[[ MATERIAL PROVIDED, beginning ]]

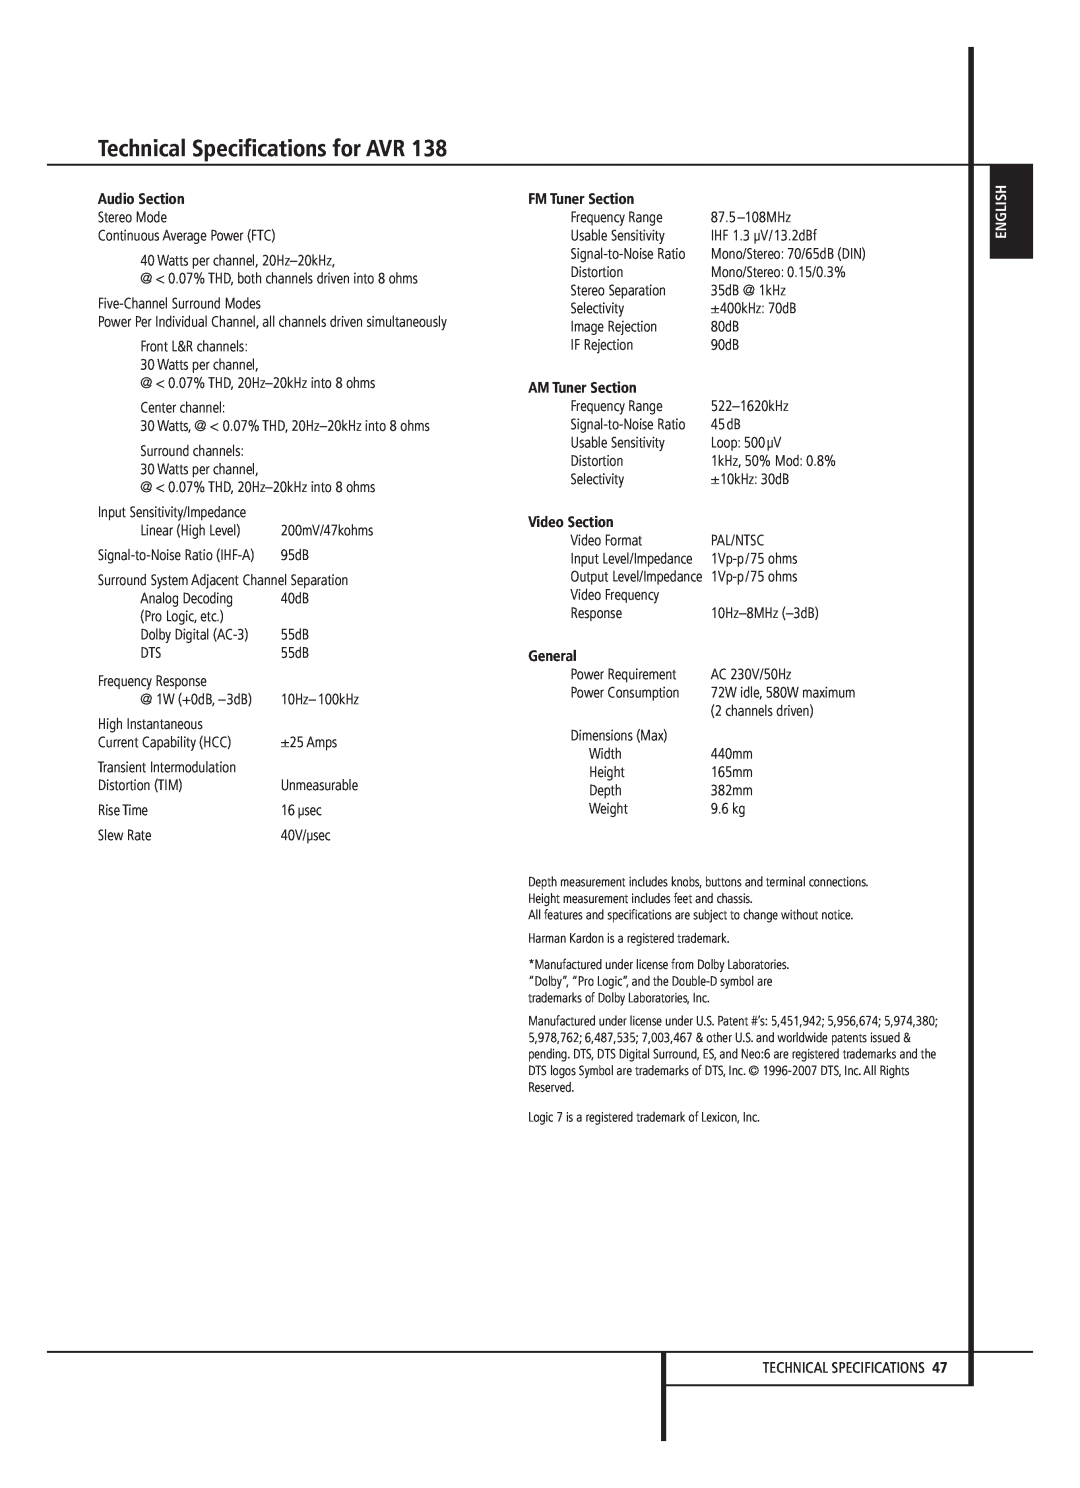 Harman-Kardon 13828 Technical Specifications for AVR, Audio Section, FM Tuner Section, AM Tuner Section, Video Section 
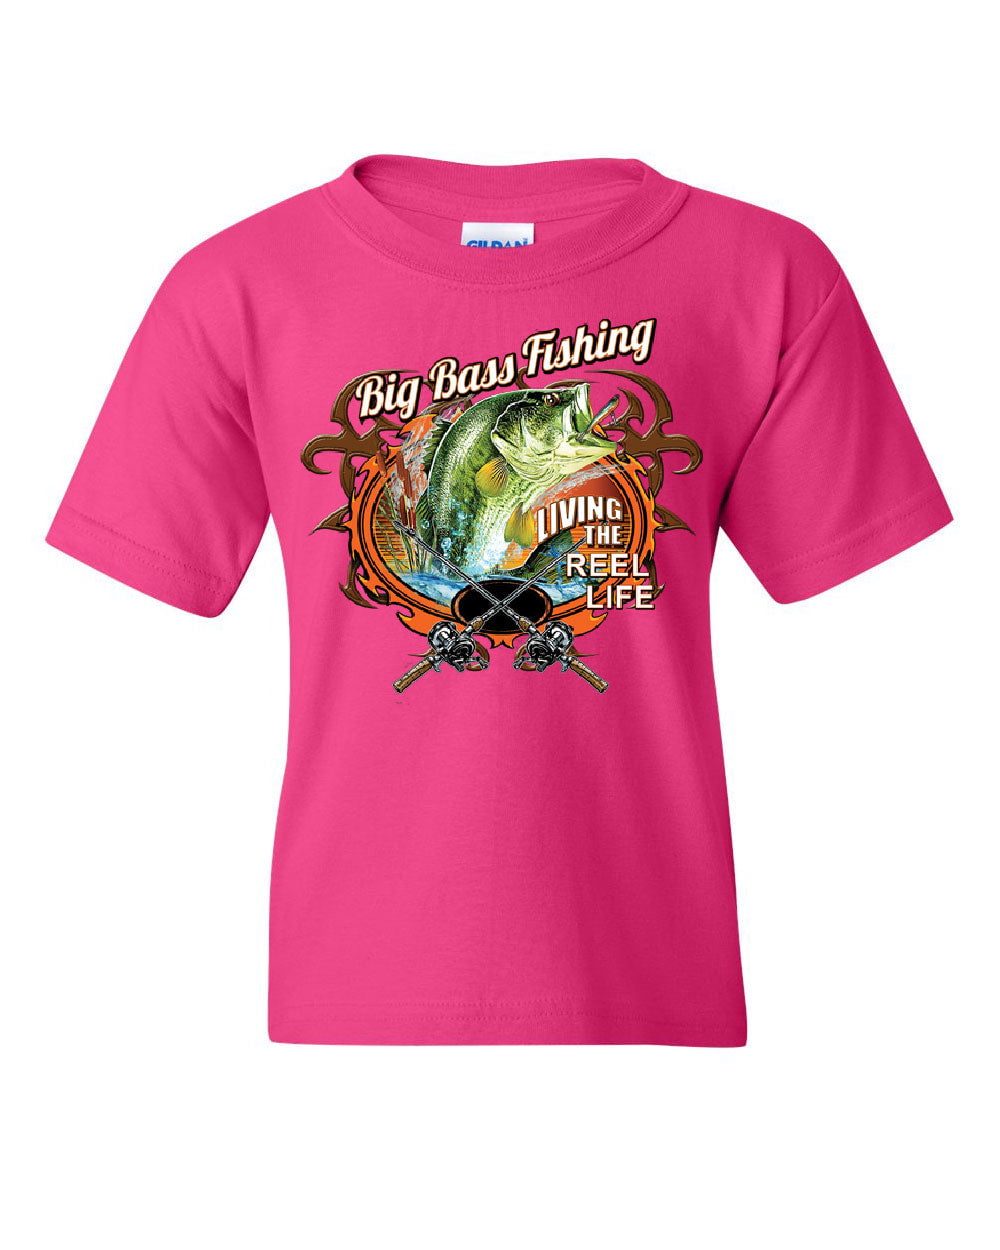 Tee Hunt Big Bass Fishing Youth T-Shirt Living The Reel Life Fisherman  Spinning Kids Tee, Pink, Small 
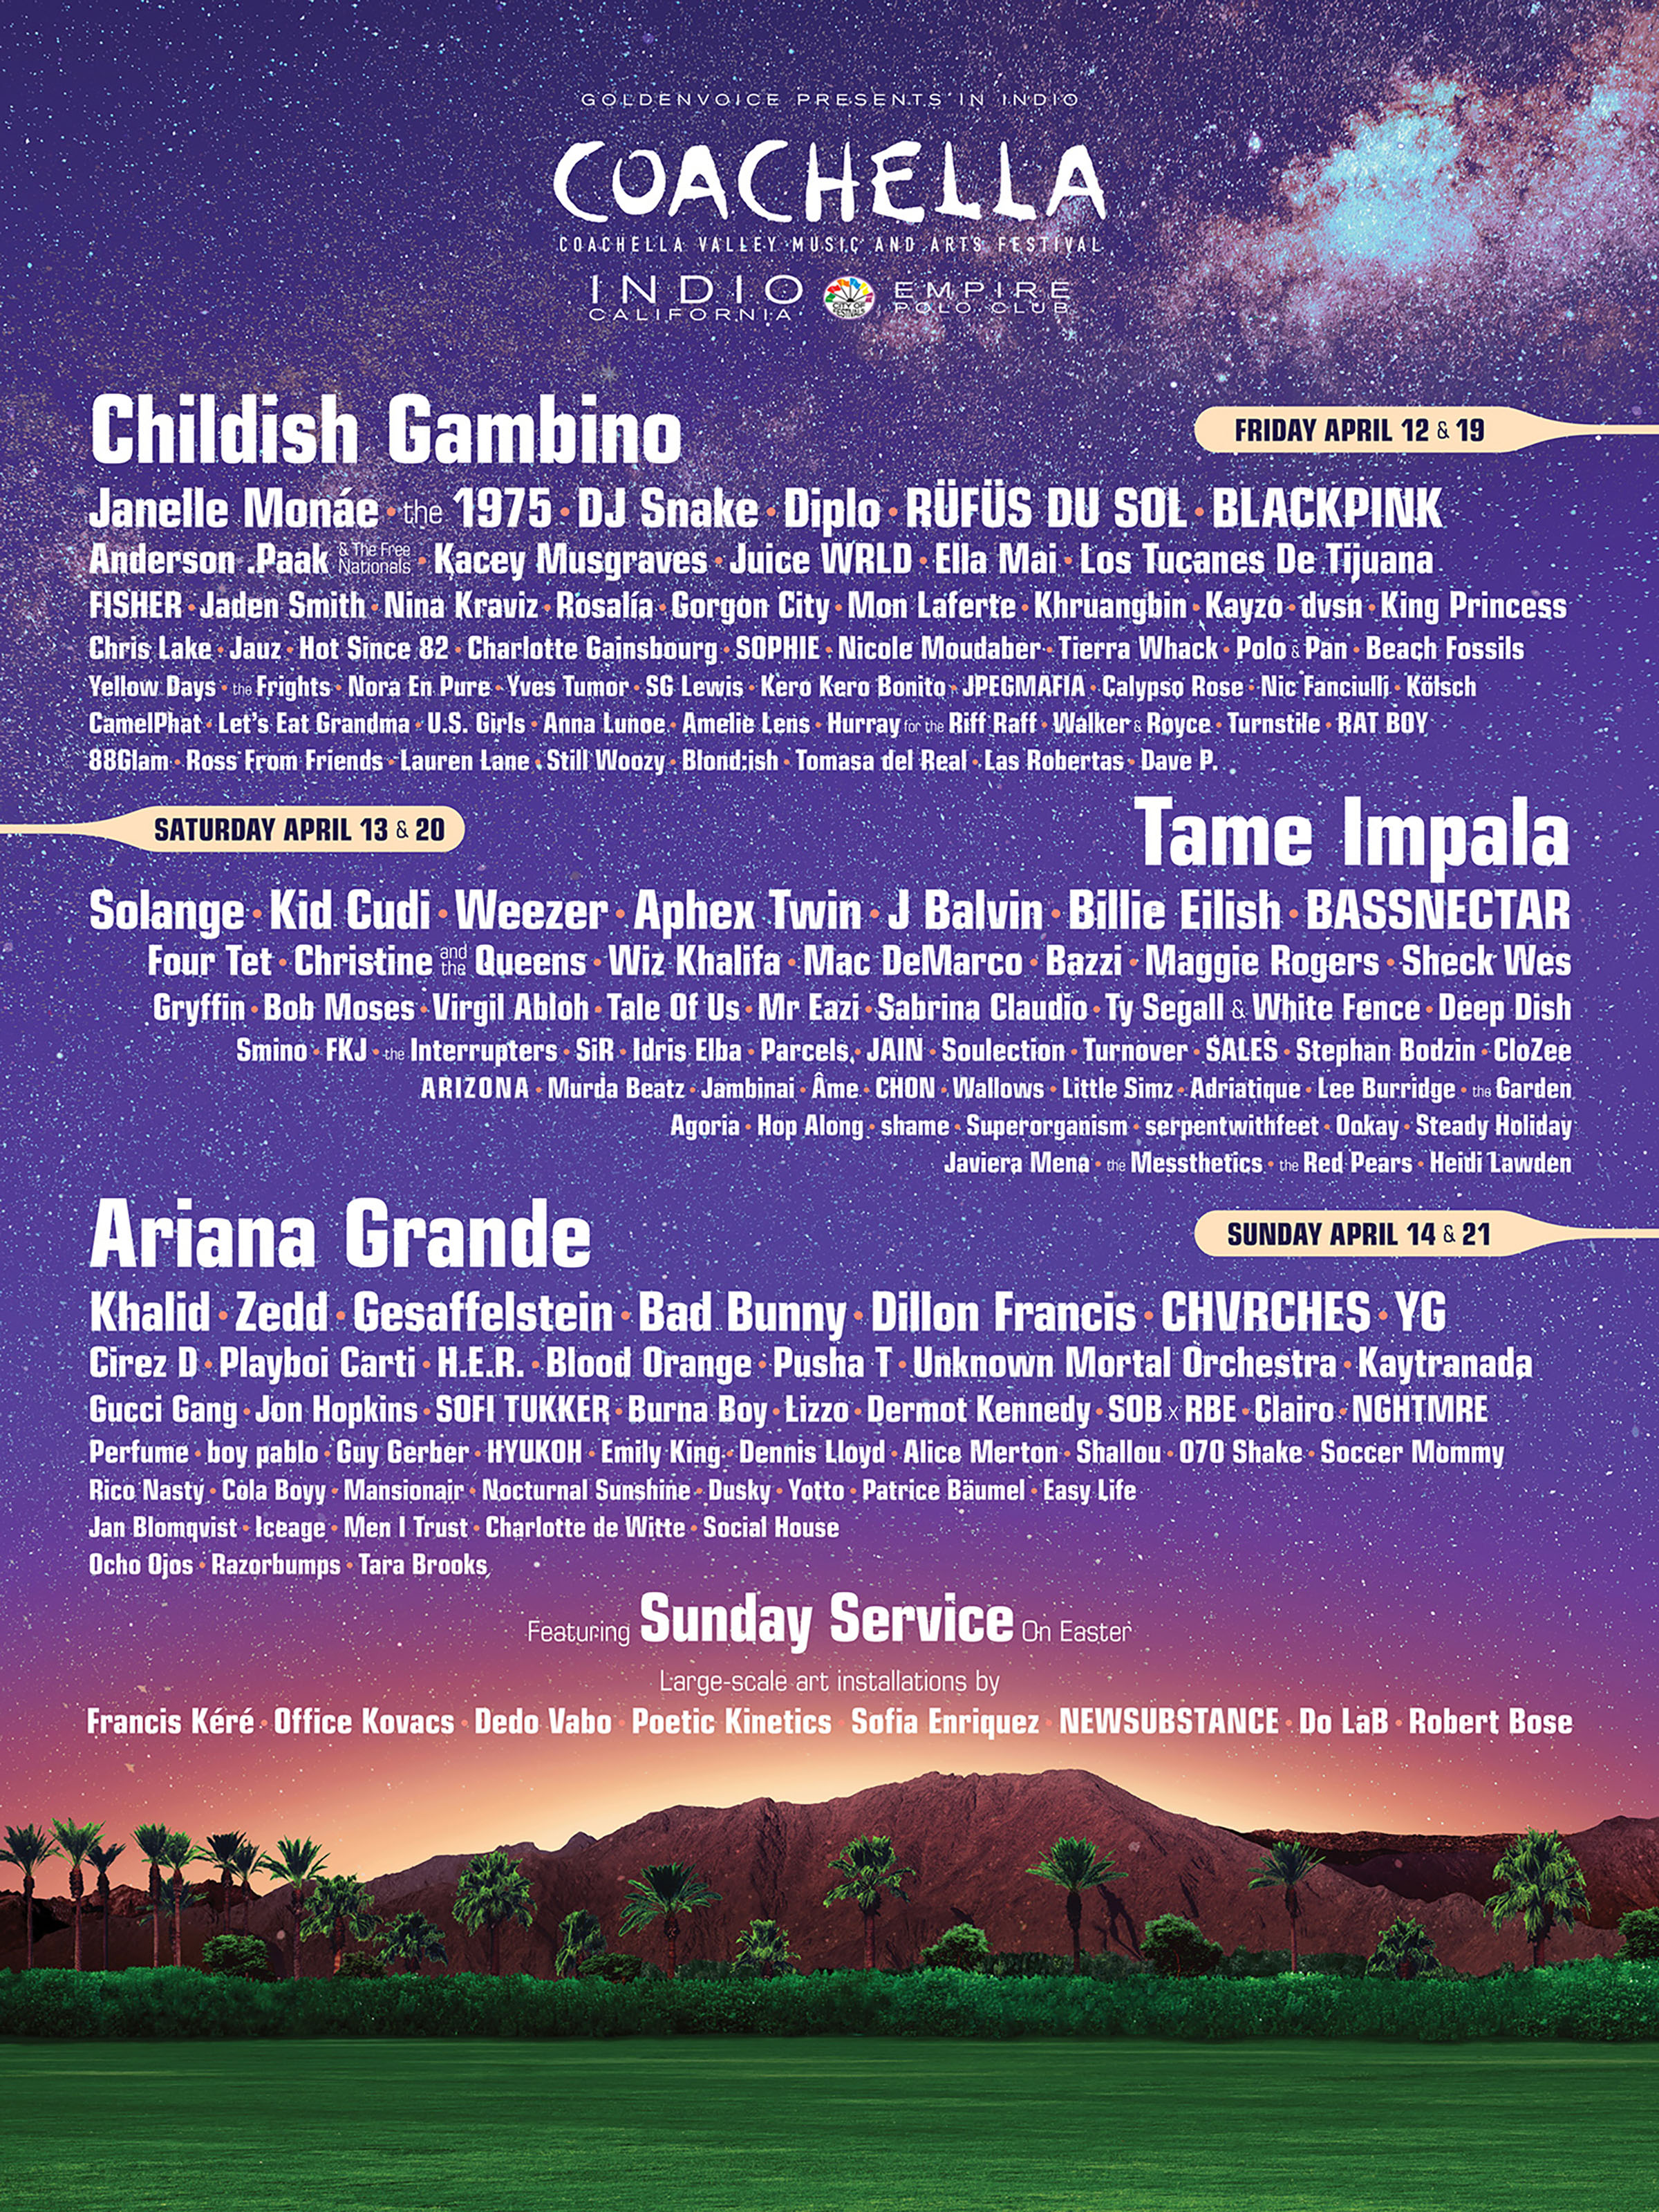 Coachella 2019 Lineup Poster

[[ MATERIAL PROVIDED, end ]]

▶ BRIEF:
Excluding pictures, copy exactly the lines from the line containing "Tee Hunt Big" through the last line of the data, inclusive.

▶ ANSWER TO THIS TASK:
 Tee Hunt Big Bass Fishing Youth T-Shirt Living The Reel Life Fisherman  Spinning Kids Tee, Pink, Small 
 Coachella 2019 Lineup Poster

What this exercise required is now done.